The Asian Development Bank ( ADB) would extend 1 billion U.S. dollars assistance to India for water resources management, Indian Finance Minister P. Chidambaram said Sunday.
Under the assistance to be extended over four years, 20,000 water bodies will be restored benefiting 1.5 million hectares of land, the finance minister said ahead of ADB's 39th annual general meeting in Hyderabad in south Indian on May 3-6.
Chidambaram said ADB would extend a total of 7.3 billion U.S. dollars funding to India over the next three years. The overall lending to India would go up from 2.25 billion U.S. dollars in 2006 to 2.45 billion U.S. dollars in 2007 and further to 2.65 billion U.S. dollars in 2008. Since 1986, ADB had so far extended loans totaling 14 billion U.S. dollars, he said.
"ADB played a key role in mitigating poverty in many regions of Asia. It has been an important partner in our march to progress and would continue to play an important role in future," Indo- Asian News Service quoted Chidambaram as saying.

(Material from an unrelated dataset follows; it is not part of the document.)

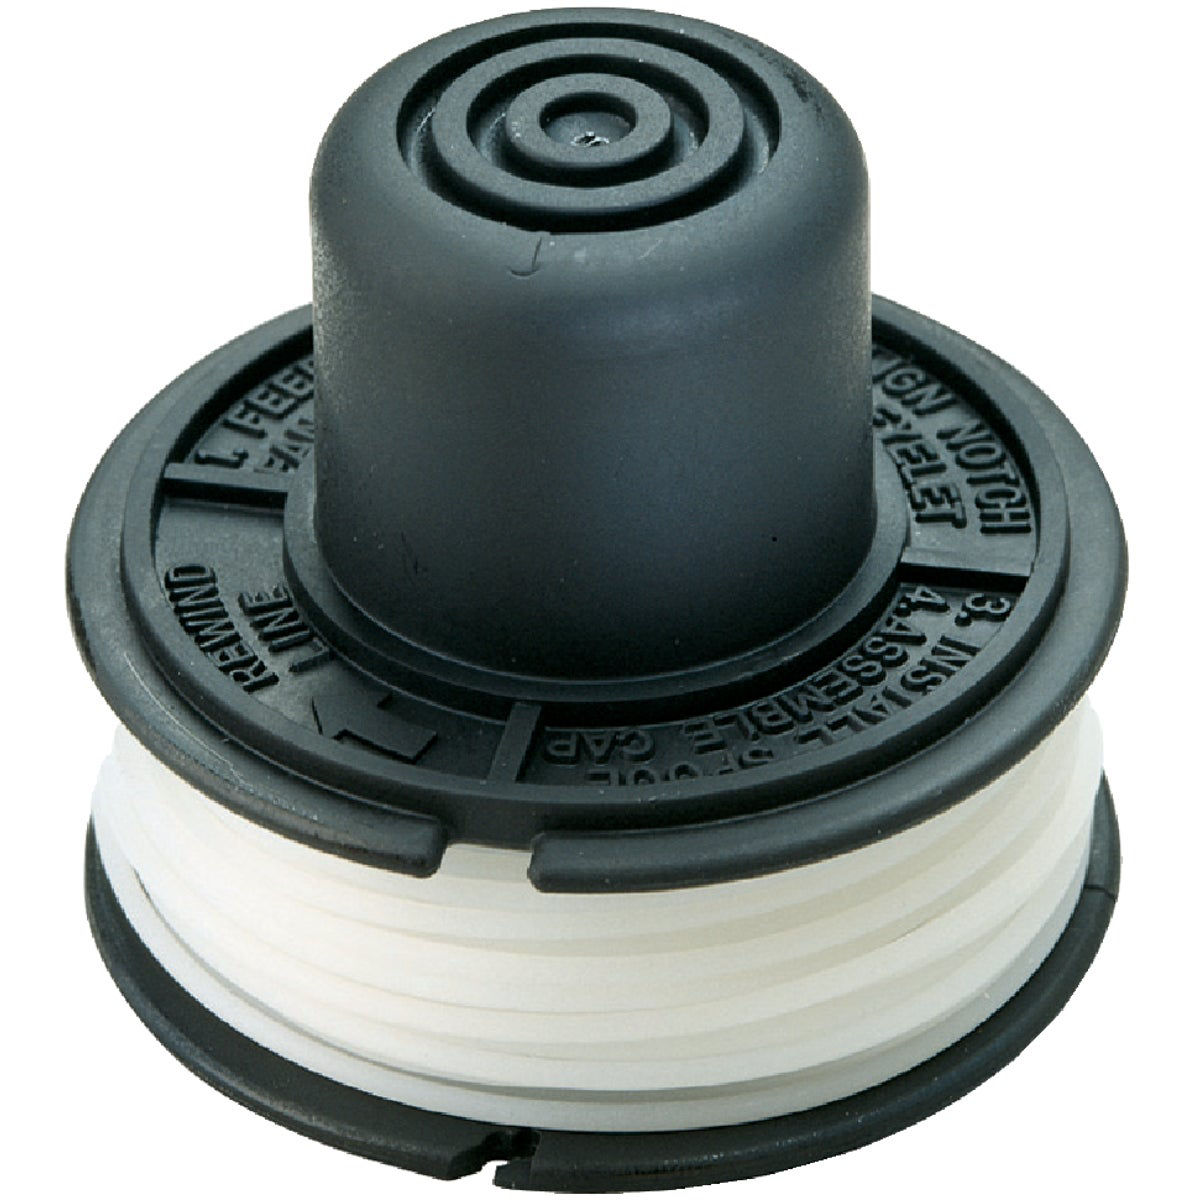 Thten RS-136 Trimmer Spool Line Compatible with Black Decker 20ft

India is confident that the ADB meeting will provide an opportunity to global financial players to see first hand the India story of accelerating multifaceted and inclusive growth and to carry it back to every part of the world, he added.
About 3,000 delegates from 66 Asian countries including 40 finance ministers, representatives of multilateral development banks, investment bankers and NGO representatives will attend the ADB meeting.